Discrete Fourier Transform

There are actually two types of discrete time fourier transform, discrete fourier transform (DFT) and discrete time fourier transform (DTFT).

The former is in fact the fourier series for a discrete signal. The latter is the fourier transform on a discrete signal. We introduce DFT first.

DFT

Again, DFT is a fourier series, just called discrete fourier transform.

For continuous, periodic signal, we had,

$$x(t) = \sum_{k=-\infty}^{+\infty} a_k e^{j k \omega t}$$ $$a_k = \frac{1}{T} \int_{0}^{T} x(t) e^{-j k \omega t} \mathrm{d}t$$

The discrete signal is equal to,

$$x_s(t) = \sum_{k=0}^{N - 1} x[k] \delta(t - k)$$

So,

$$a_k = \frac{1}{T} \int_{0}^{T} x_s(t) e^{-j k \omega t} \mathrm{d}t = \frac{1}{T} \sum_{k=0}^{N - 1} x[k] e^{-j k \omega t}$$

Sometimes, we may process signals with a given range (image, for example). Assume it has a rang from $0$ to $N$, we can treat it as a signal with a period of $N$ as well.

We note,

$$X[k] = \frac{1}{N} \sum_{k=0}^{N - 1} x[k] e^{-j k \omega t}$$

As the discrete fourier transform.

However we are not done yet, consider,

$$x[t] = \sum_{k=-\infty}^{+\infty} a_k e^{j k \omega t}$$

We would notice that,

$$X[k + N] = \sum_{k=0}^{N} x[k] e^{-j \omega (k + N) t} \\ = e^{-j \omega N t } \sum_{k=-\infty}^{+\infty} a_k e^{j k \omega t}$$

So $X[k]$ is periodic as well, thus, $x[t]$ after the inverse transform is like not to converge.

The reason is that, consider the discrete complex exponential, we want the period of $N$ and so,

$$e^{j \omega N} = 1$$

There exists $N$ if and only if $\omega = 2\pi \frac{p}{q}$, suppose $p$ and $q$ have no common divisor, and thus,

$$N = \min_k k \frac{q}{p} = q$$

Which is to say that, the period is only related to the denominator. So it's obvious that, for,

$$x[t] = \sum_{k=-\infty}^{+\infty} a_k e^{j k \frac{2\pi}{N} t}$$

If we sum over $-\infty$ to $+\infty$, we are repeating the same base signal over and over again.

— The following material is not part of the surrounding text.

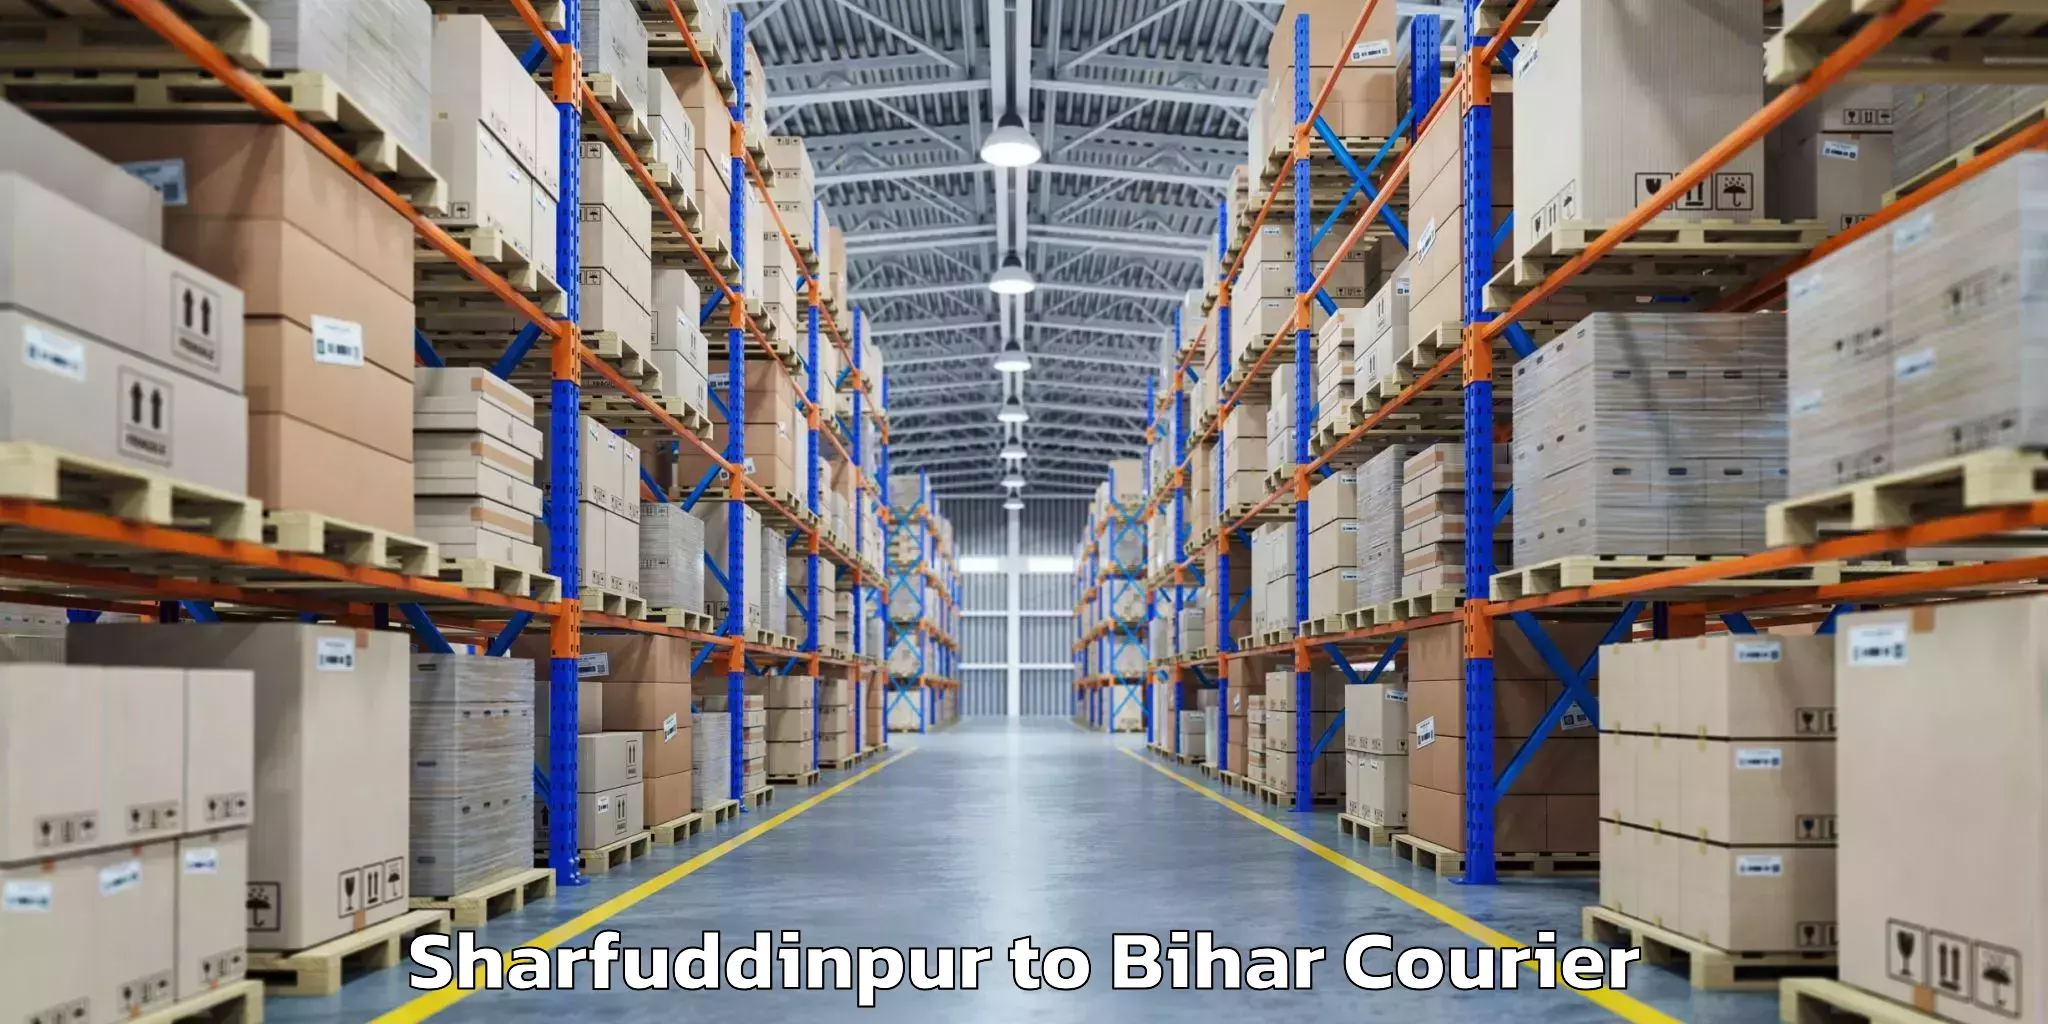 Luggage transport consulting Sharfuddinpur to Bihta

We only need to sum each signal once, and so,

$$x[t] = \sum_{k=0}^{N - 1} a_k e^{j k \frac{2\pi}{N} t}$$

Is the legit result.

In conclusion, we had,

$$x[t] = \sum_{k=0}^{N - 1} X[k] e^{j k \frac{2\pi}{N} t} \\ X[k] = \frac{1}{N} \sum_{k=0}^{N - 1} x[k] e^{-j k \omega t}$$

However, for correspondence, because we had $\frac{1}{2 \pi}$ for the fourier inverse transform, and thus, we usually use the following form of DFT,

$$x[t] = \frac{1}{N} \sum_{k=0}^{N - 1} X[k] e^{j k \frac{2\pi}{N} t} \\ X[k] = \sum_{t=0}^{N - 1} x[t] e^{-j k \frac{2\pi}{N} t}$$

The two are identical.

This will also come in handy in the next chapter where we need to push $X[k]$ to a continuous limit, and thus, we need a density divider for $x[t]$.